ThermoCas9 summer research project guide

For a summer project the right scope is not "develop a therapy." It is a bounded translational feasibility question that can produce one clean dataset by the end of 8–12 weeks. This guide lays out three undergraduate scopes, three graduate scopes, what is too big for one summer, and a concrete 10-week example with aims and publication targets.

By Allison Huang · Thermocas9 Inc Published 2026-04-19 Audience undergrad + grad researchers Source Nature 2026
three questions worth answering
The best summer projects are those where the student can answer one of these by week 12:
  1. Can I predict ThermoCas9 activity from local methylation state?
  2. Can I identify candidate methylation-selective target sites in a cancer type?
  3. Can I measure whether methylation-sensitive discrimination holds in a simplified assay?

The 2026 Nature result is that ThermoCas9 discrimination is PAM-methylation-dependent. The current evidence base is preclinical and cell-focused, so a summer project should stay at the level of assay development, computational target discovery, or small-scale validation — not animal work or trial design.

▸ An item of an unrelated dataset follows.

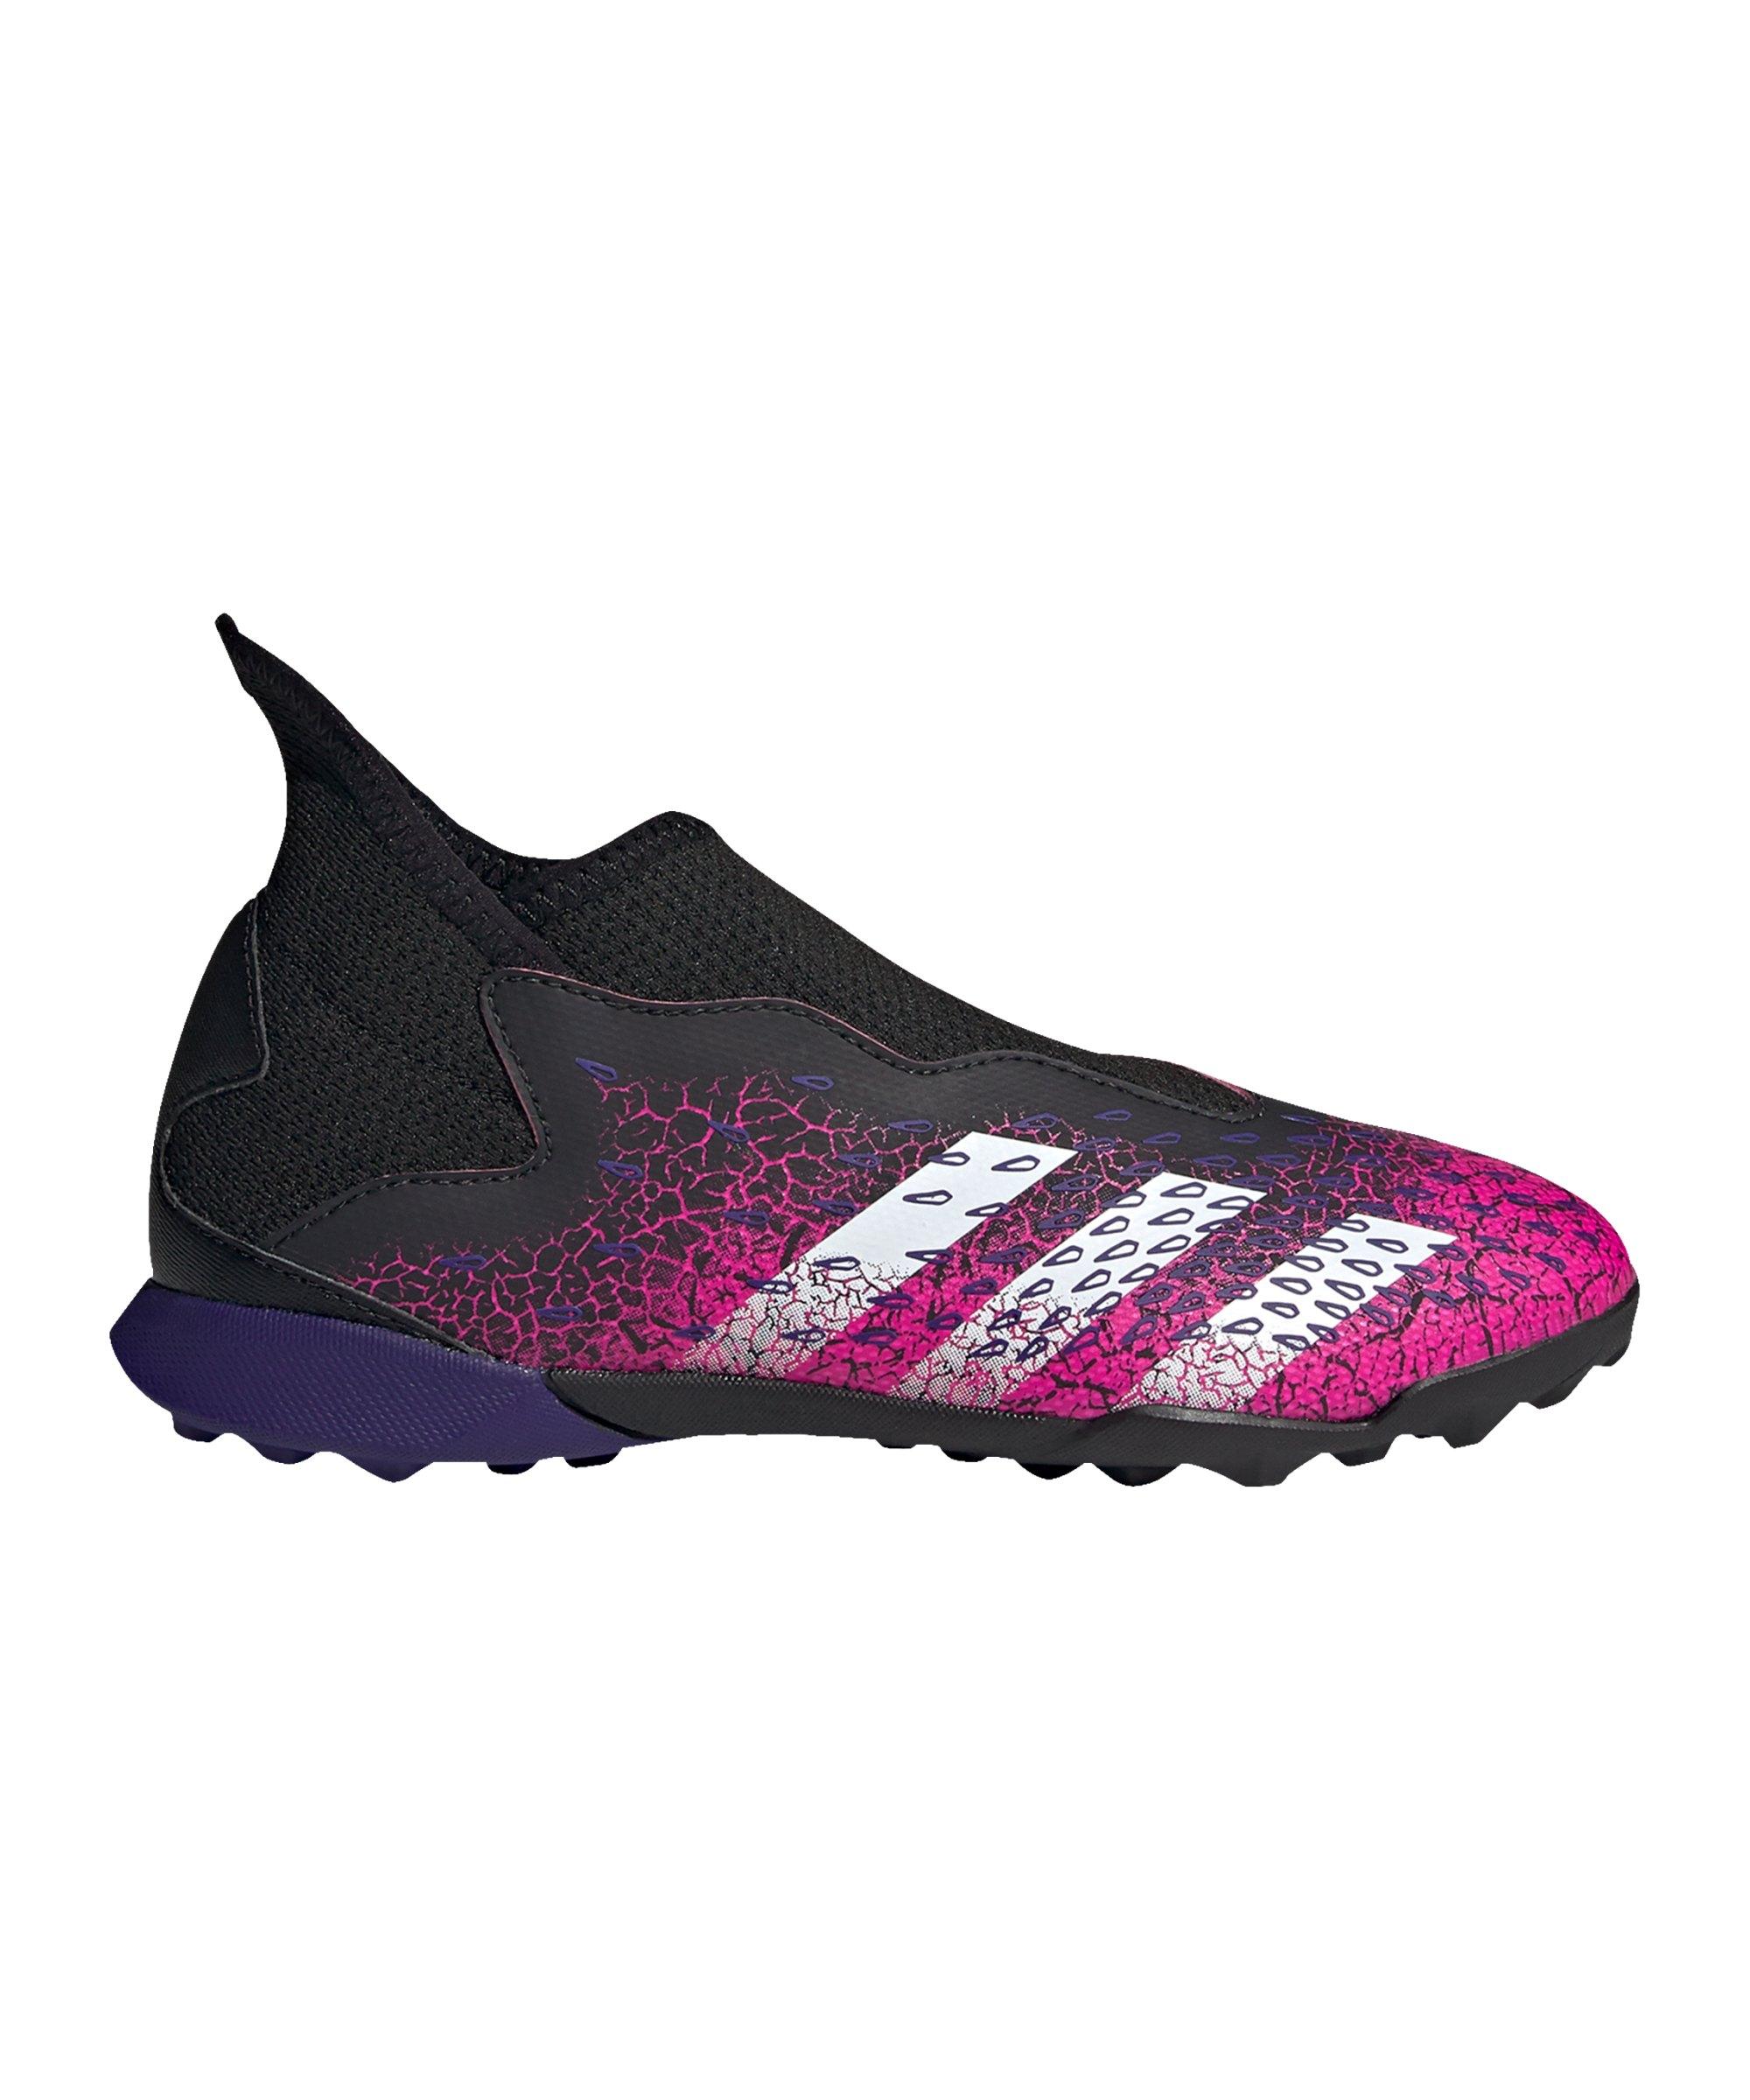 adidas Predator FREAK.3 LL TF Superspectral J Kids Schwarz Pink - schwarz

Best-fit undergraduate project scopes

Undergrad · Project 1

Computational target discovery

The safest and highest-probability undergraduate project.

Question
Can we build a ranked list of ThermoCas9-compatible loci that are likely to be tumor-selective because the PAM site is hypomethylated in tumor and methylated in normal tissue?
What the student does
Use public methylation datasets (TCGA, ENCODE, GEO) or a lab-provided dataset, scan for ThermoCas9 PAM-like sites (5'-NNNNCGA-3' / 5'-NNNNCCA-3'), overlay methylation at the key PAM cytosine, and rank candidates by tumor-normal separation.
Deliverable by end of summer
A shortlist of 10 to 50 candidate loci in one cancer type, with a scoring framework and figures.
Why it fits
Directly tests the main translational premise that local PAM methylation, not bulk methylation, should drive selectivity. Inference follows from the PAM-centric mechanism in the Nature study.
Skills learned
Python or R, methylation data analysis, sequence scanning, genomics visualization, basic translational biomarker logic.
Full project plan
Computational discovery of methylation-selective ThermoCas9 target sites in cancer — 10-week deep-dive: 5 phases, weekly schedule, mentor checklist, figure plan, technical limitations.
Publication-path upgrade
A methylome-guided framework for identifying tumor-selective ThermoCas9 target sites — how to reframe the same project as a publishable methods paper: feature-based scoring, uncertainty modeling, ranking benchmarks, three manuscript scope tiers, reviewer Q&A.
Undergrad · Project 2

Cell-free cleavage assay with methylated vs unmethylated DNA

The best wet-lab undergraduate project if the lab already has reagents and a CRISPR setup.

Question
Does ThermoCas9 show differential cleavage between matched methylated and unmethylated target substrates at a candidate PAM?
What the student does
Generate or obtain synthetic DNA targets with the same sequence except for methylation state, incubate with ThermoCas9 RNP, and quantify cleavage by gel or capillary assay.
Deliverable by end of summer
A small matrix of targets showing whether methylation at the PAM blocks cleavage and whether the effect varies by sequence context.
Why it fits
Mechanistically sharp, low-cost compared with cell work, and aligned with the published finding that methylation at the PAM-bearing cytosine suppresses activity while methylation in the protospacer matters less.
Risk
Only feasible if the lab already has ThermoCas9 access, an RNP workflow, and methylated substrates.
Undergrad · Project 3

Literature-plus-data mini-review with target nomination

Works well for an undergraduate new to the field.

Question
Which cancer types and loci look most plausible for methylation-selective ThermoCas9 development?
What the student does
Review the ThermoCas9 literature, summarize the mechanism, compare it to other methylation-sensitive CRISPR systems (notably AceCas9), and integrate public methylation datasets to nominate one disease area.
Deliverable by end of summer
A review-style report plus one data-driven target nomination figure set.
Why it fits
Produces something publishable internally and teaches the student how to connect mechanism to translational strategy.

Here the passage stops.